At lunch, I sit with my face in my hands, going over all the ways I can win her back. When the lunch bell rings, I track her with my gaze, watching like some love-sick puppy as she leaves the cafeteria, Meiying and Liu close on her heels.
I shove away from the table and storm after them.
“What do you think you’re doing?” Des shouts somewhere behind me.
I shake my head. I have no fucking idea, but I have to do something. Isa slips into her third-period class and I walk past it, my eyes trained on Liu, and just before he reaches the door to his own class, I jerk him back by the fabric of his shirt.
“Hey, man—” Startled green eyes meet my own when he sees who grabbed him. “What the hell, Rafael?” He jerks away, adjusting the collar of his shirt.
“You’ve been hanging out with Isa a lot lately.” I meant it as a question, but it comes out as an accusation and Zheng’s jaw tightens.
“Why do you care? You’ve been a complete asshole to her ever since she came back. Do the girl a favor and leave her alone. She’s been through enough and she doesn’t need your shit.”
I slam my fist into the locker beside him. “I didn’t know!” A few people in the hall turn to look at us and I snarl at them. “Move the fuck along.” Heated faces turn and rush to their classes, effectively clearing the hall of everyone but the two of us. “I didn’t know what happened to her. Not until just recently.”
“And that’s supposed to somehow make this all better? Fuck you, Rafael.”
“Liu—” It’s a warning.
He shakes his head. “No. You fucked up. I don’t know why you’re even talking to me. I’m not going to help you fix your mistakes. I don’t owe you any—”
“Yeah, you do.”
His eyes narrow.
“You owe me and you fucking know it. You want me to stop hating you? You want Clan wolf to stop hating you for what you put us through the summer before junior year?”
His mouth presses into a sharp line and he gives me a single sharp nod.
“Then help me talk to her. She doesn’t feel comfortable with me.” He snorts and the urge to punch him in his smug face is strong, but I ignore it. “I care about her. I want to be there for her. Help me talk to her and I’ll forget what happened. We’ll wipe the slate clean.”
He considers this. It’s no secret I hate him. I’ve hated him since junior year. He used to be my friend. We were like brothers. All four of us. But then he had to go and fuck it all up. He broke faith. It’s not something I’d ever forgive but hell knows desperate times call for desperate fucking measures.
To get Isa back, I’ll do damn near anything.
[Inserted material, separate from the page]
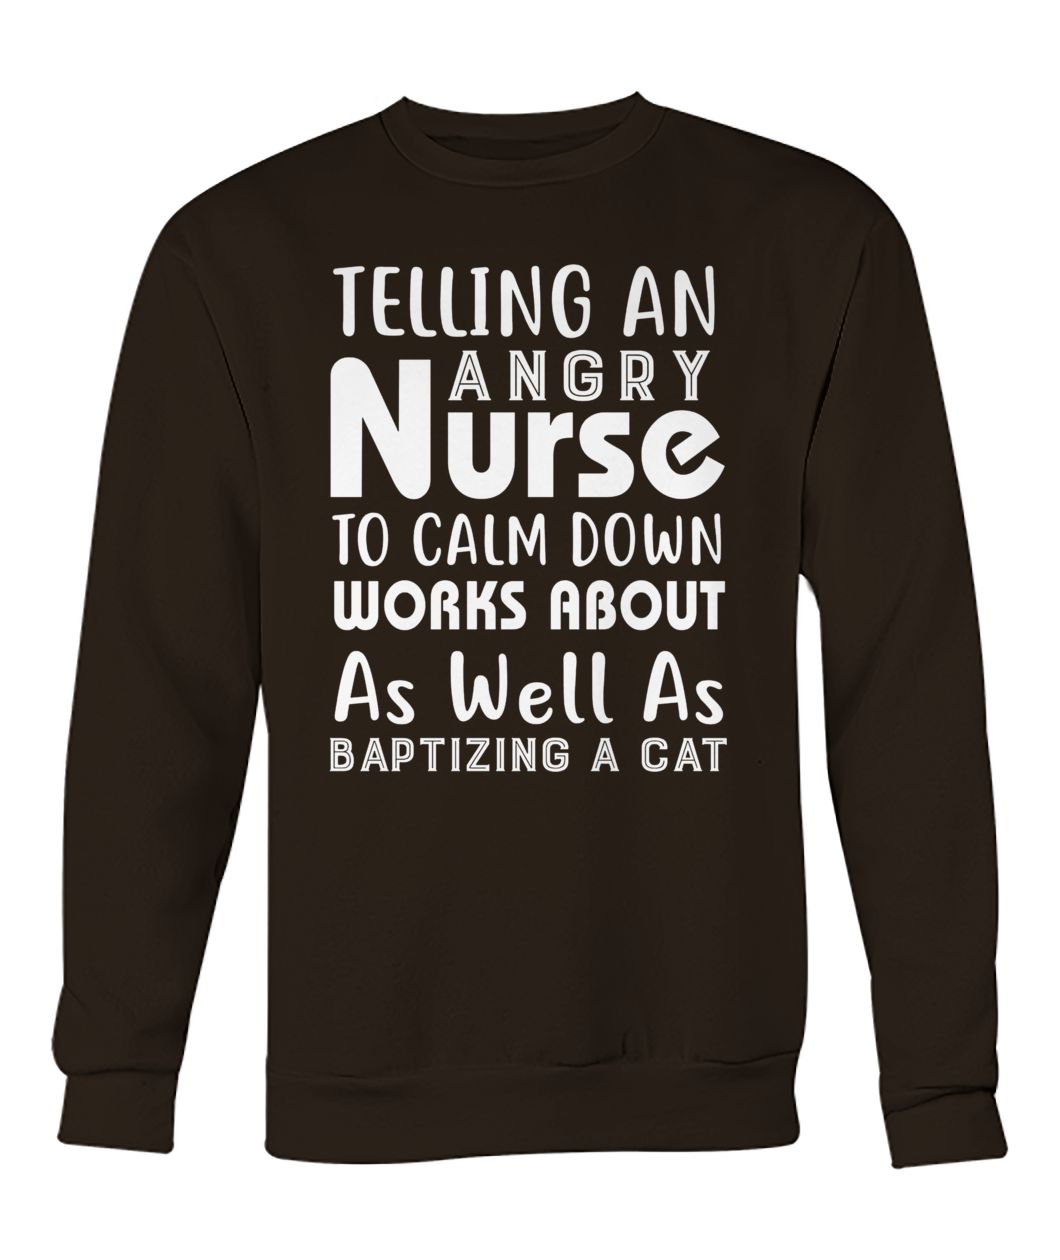 Telling an angry nurse to clam down workds about as well as baptizing a cat crew neck sweatshirt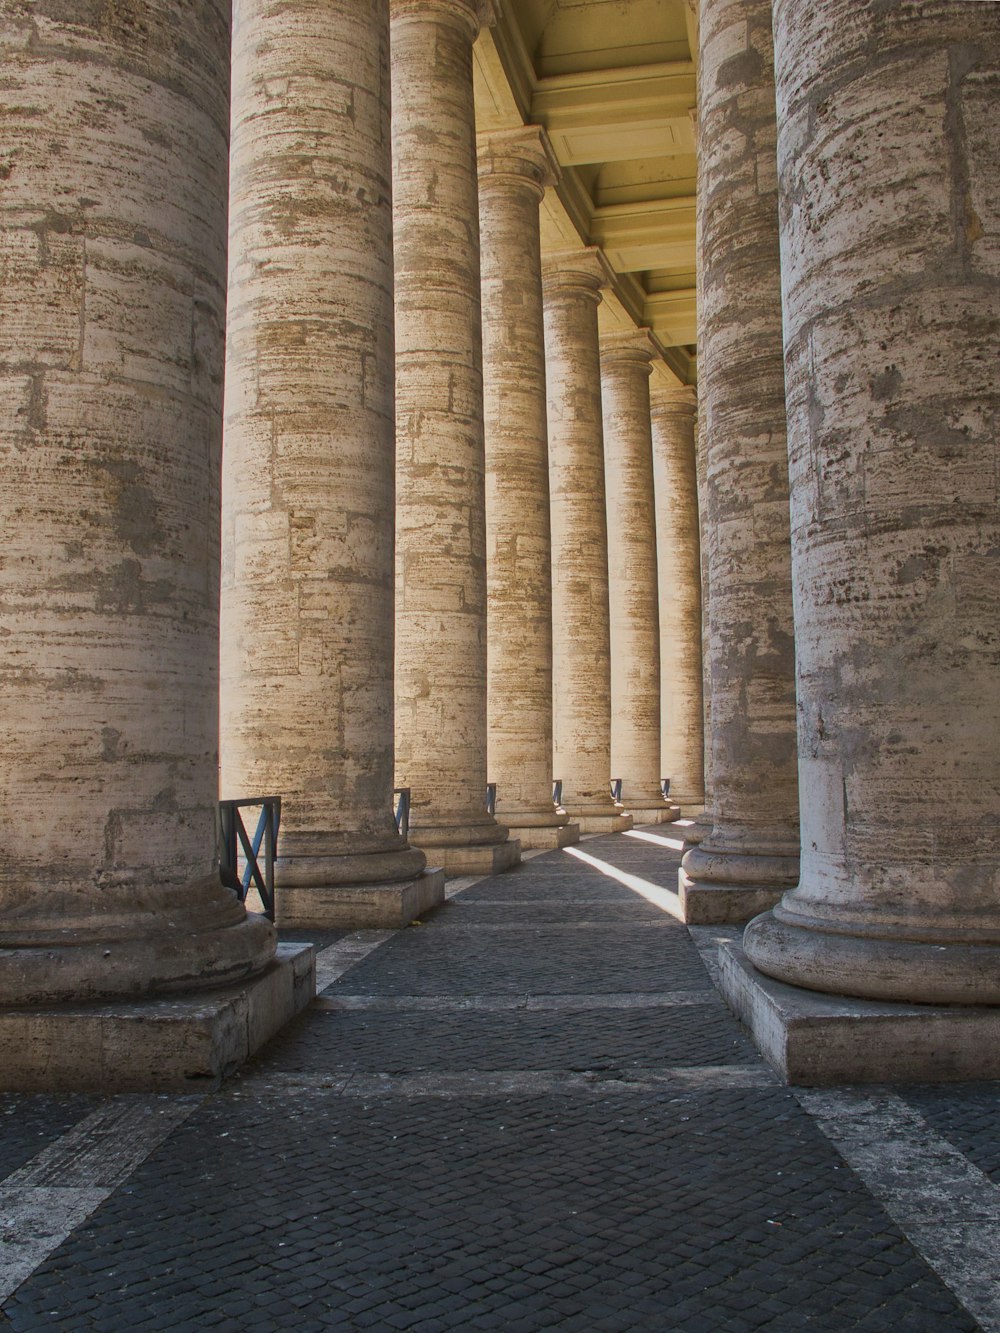 a row of large stone pillars sitting next to each other

“You’d do that? Forget what happened?” He swallows, his Adam’s apple bobbing. “Forget what I did, and all I have to do is get Isa to talk to you.”
I nod.
“I can’t make any promises.”
“I don’t need promises or assurances. I just need a chance. One chance to make this right.”
“Okay.”
I exhale a breath. “Okay.”
39 Isabella
Rafael calls me now. All of the Hellbound High wolves do. Jordy sends me a joke each morning. Or a funny meme he found online. He wants to make me smile. And while I appreciate the gesture, it’s a lot to take in. The sudden shift in their behaviors.
One second they hate me. Now it’s like they’re smothering me in distant affection.
Desmond is the only one I talk to at school. He sometimes walks me to class when Zheng isn’t around. He makes sure no one gets too close. I didn’t ask him to play guard dog, and when I told him as much, he just gave me this serious stare and carried on like I hadn’t said anything. I’ve learned not to push. If he wants to make himself late to class each day, that’s his prerogative.
Rafael messages me each morning. A variation of good morning, beautiful, and calls me every night. I don’t respond to the texts and never answer the calls. He doesn’t leave any voicemails which is probably for the best. Hearing his voice at school is bad enough. If he left me messages, I know myself well enough to know I’d replay them again and again, obsessing over the sound of his voice. Trying to peel back any hidden meaning. It’s already what I do with his texts. Sometimes he adds an emoji and it’s enough to leave me guessing, hoping. For what, I’m not really sure.
But without fail at nine o’clock each evening my phone lights up and his name flashes across the screen. A part of me has come to look forward to that phone call. When eight fifty nears, I start counting down the minutes, hoping he’ll call, and that alone scares me. Because sooner or later, he’s going to give up. He’ll stop calling. He’ll stop texting. And he’ll move on. I want him to move on.
I can’t afford to need anyone else in my life. I’ve lost too much, and I don’t think my heart can take any more. It doesn’t matter that I miss him or that his presence sets my heart racing.
What happens when he’s no longer there?
I’m already dreading when the calls stop.